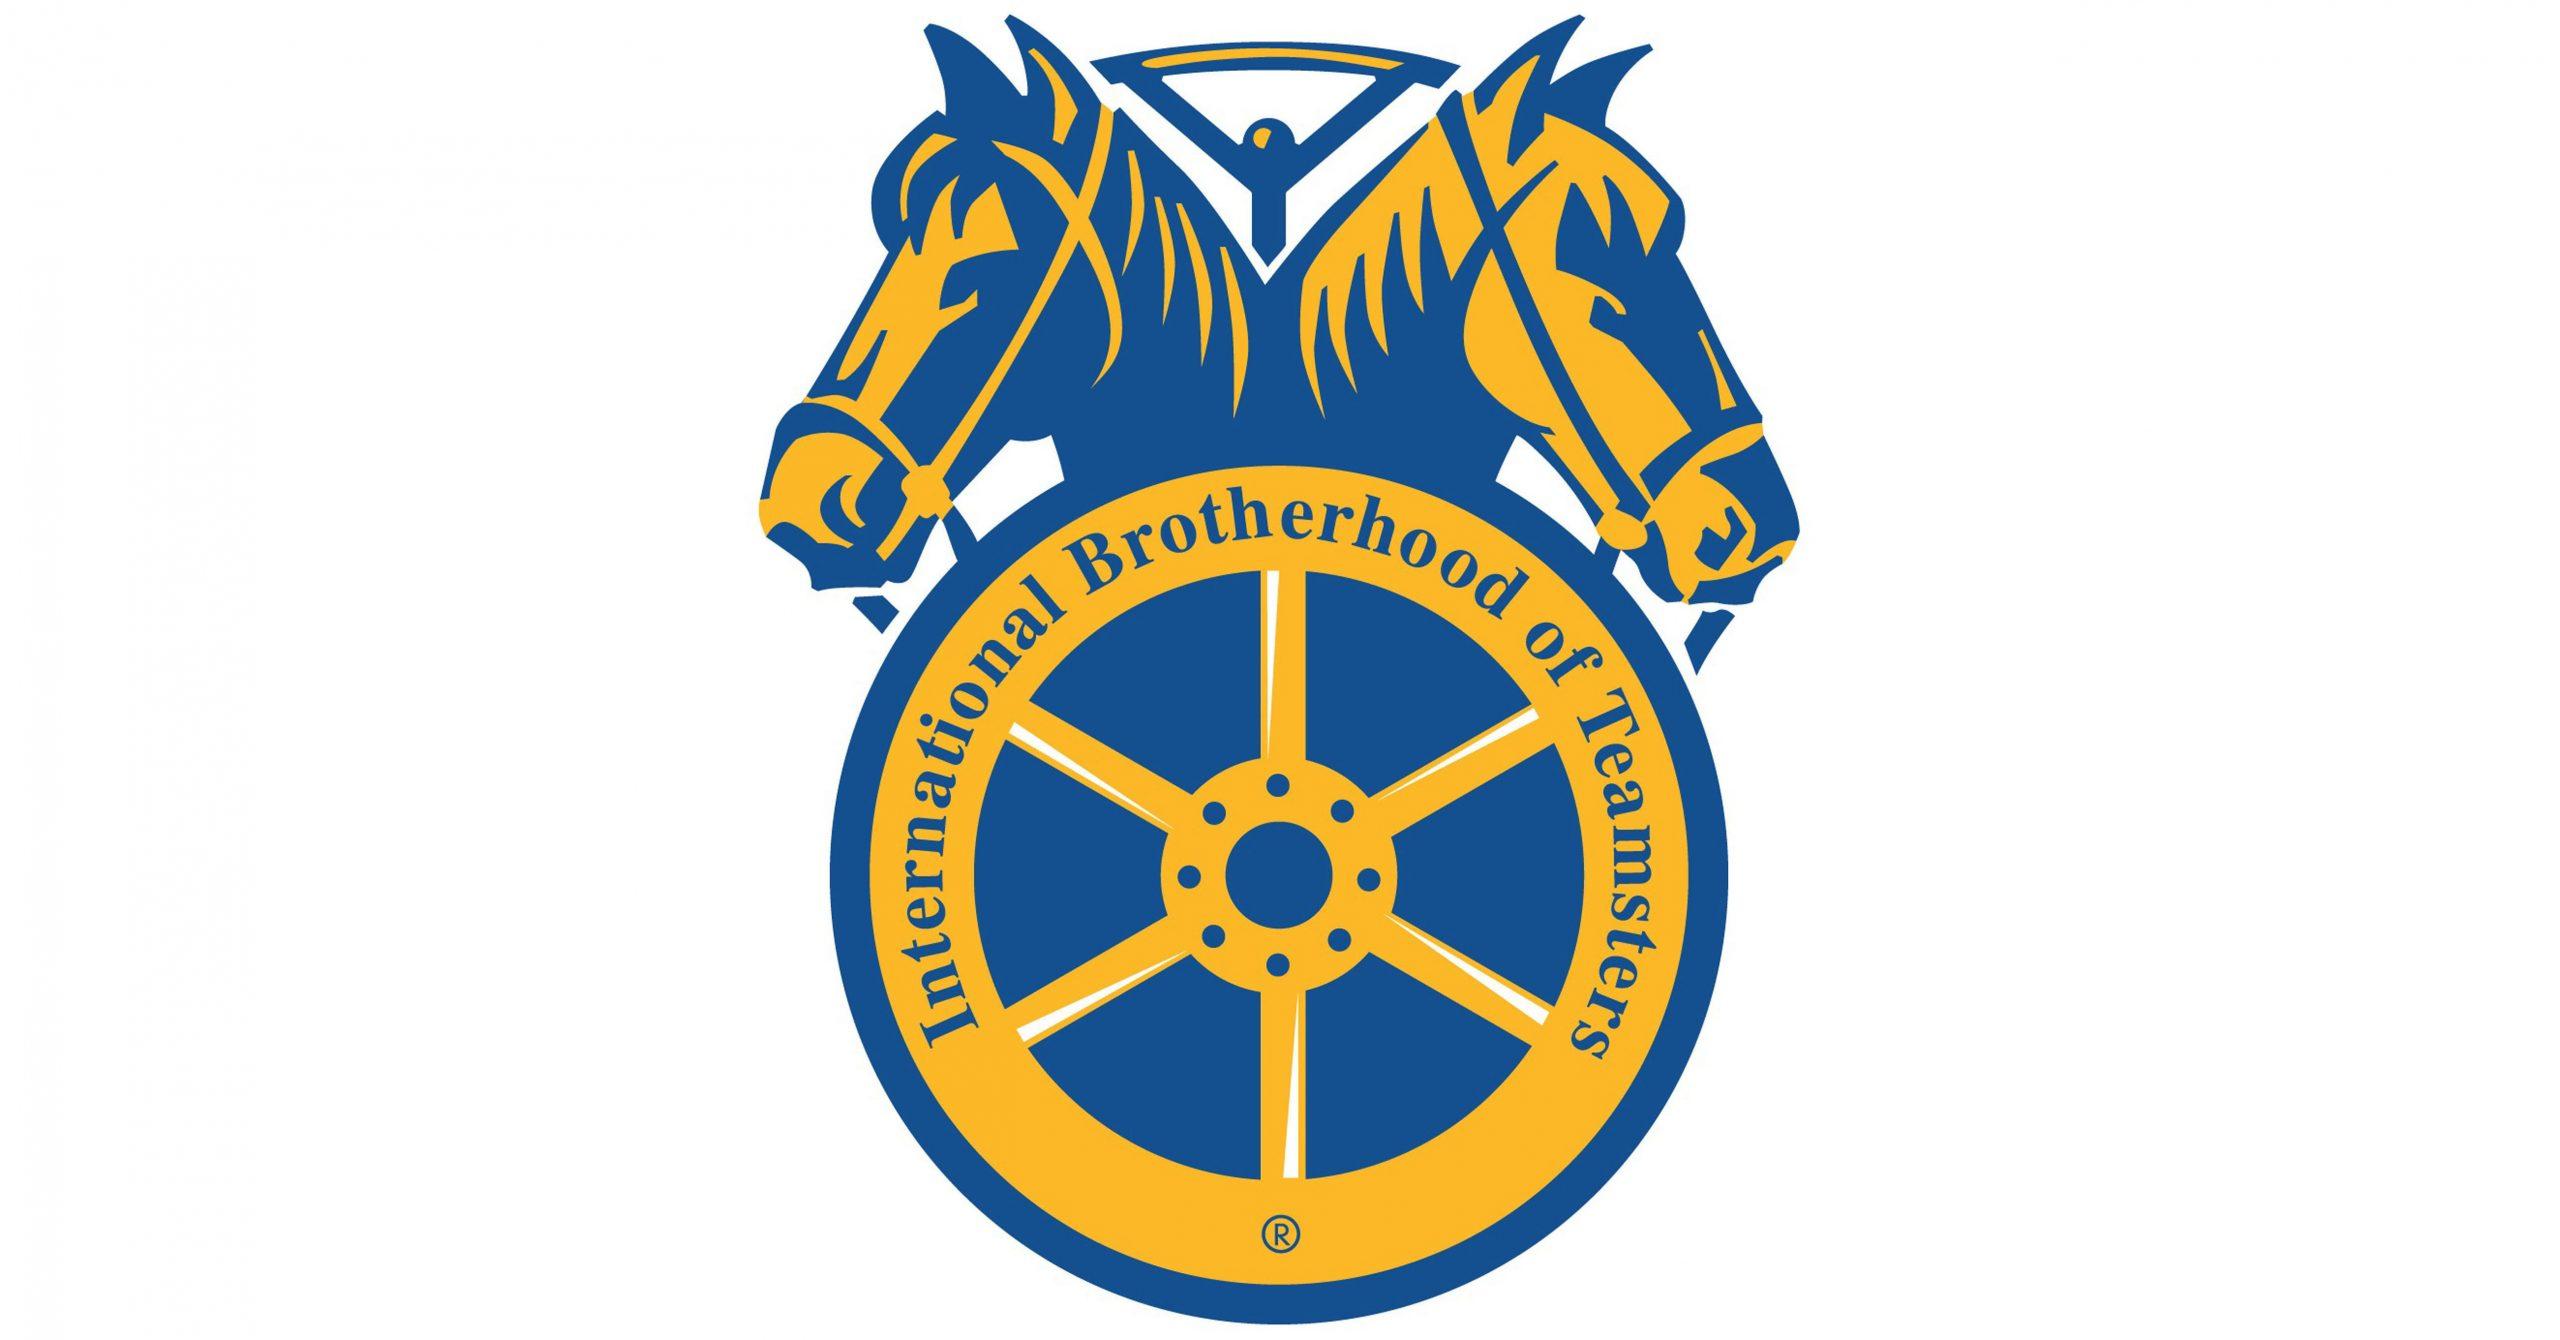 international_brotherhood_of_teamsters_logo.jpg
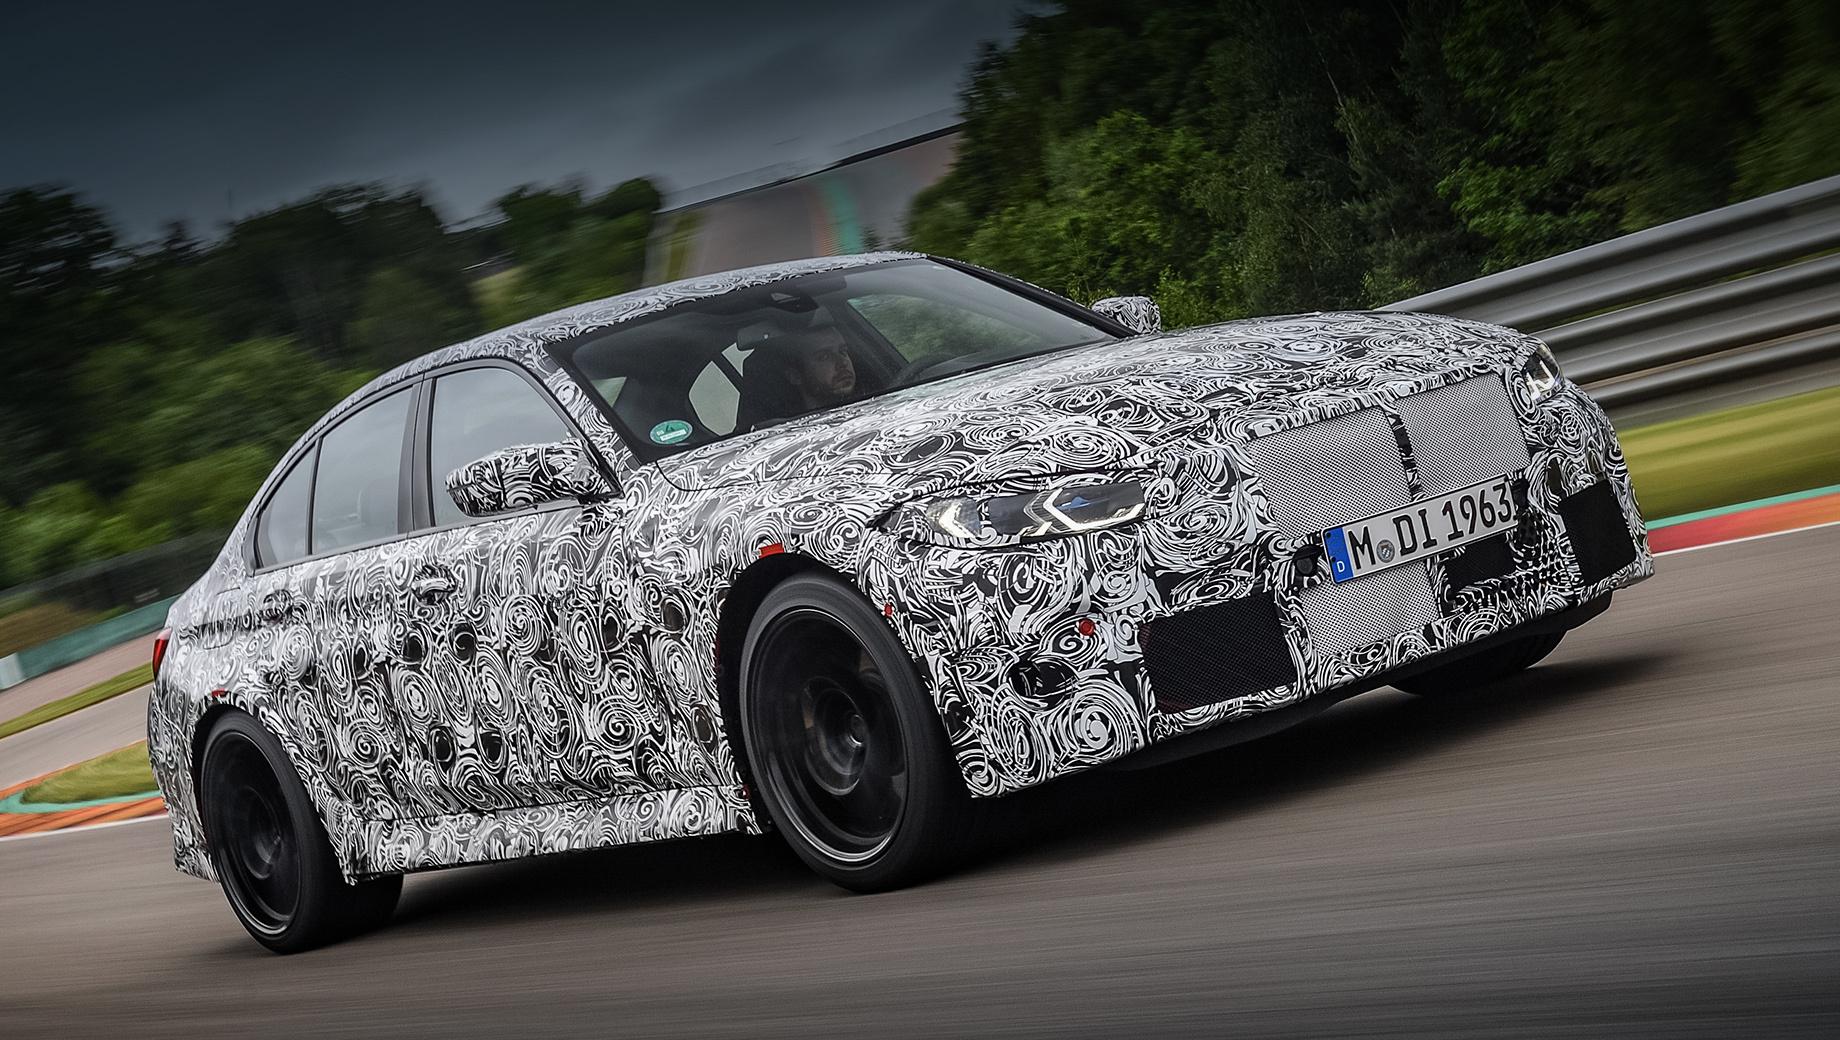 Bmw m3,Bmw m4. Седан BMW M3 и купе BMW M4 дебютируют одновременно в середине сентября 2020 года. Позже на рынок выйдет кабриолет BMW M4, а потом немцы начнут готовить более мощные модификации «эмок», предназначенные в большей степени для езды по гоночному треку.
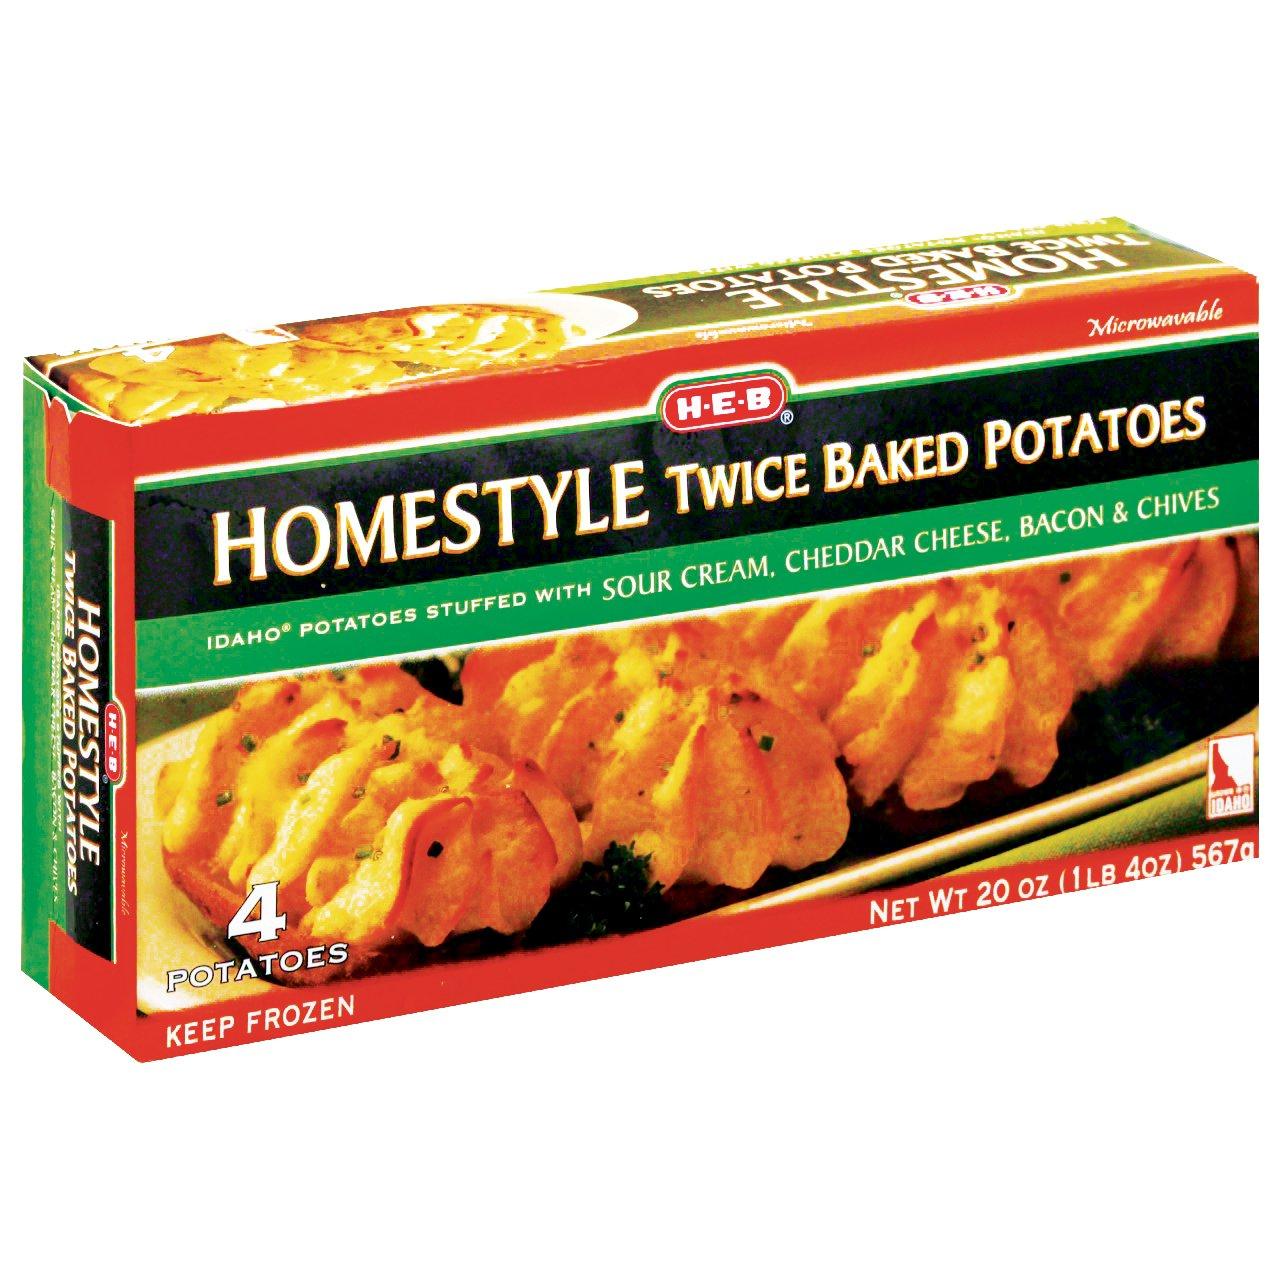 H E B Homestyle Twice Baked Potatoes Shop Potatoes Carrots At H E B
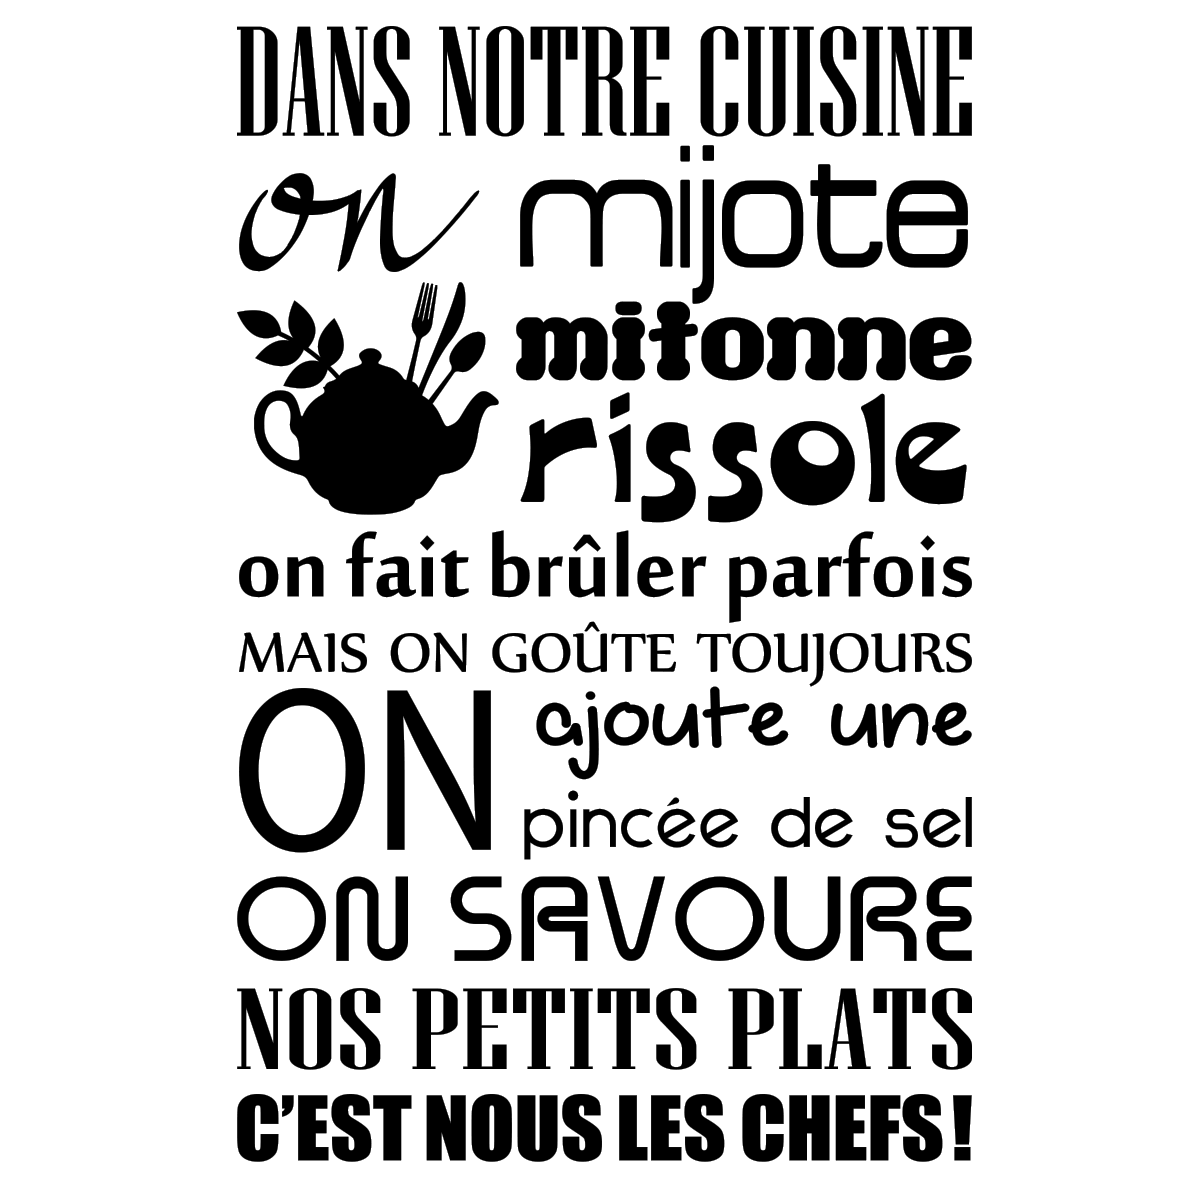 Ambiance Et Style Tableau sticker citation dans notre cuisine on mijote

__Problem description__:
What belongs in the answer is each line above, reproduced exactly, and no picture.

__Result of the task__:
 international_brotherhood_of_teamsters_logo.jpg
 Bmw m3,Bmw m4. Седан BMW M3 и купе BMW M4 дебютируют одновременно в середине сентября 2020 года. Позже на рынок выйдет кабриолет BMW M4, а потом немцы начнут готовить более мощные модификации «эмок», предназначенные в большей степени для езды по гоночному треку.
 H E B Homestyle Twice Baked Potatoes Shop Potatoes Carrots At H E B
 Ambiance Et Style Tableau sticker citation dans notre cuisine on mijote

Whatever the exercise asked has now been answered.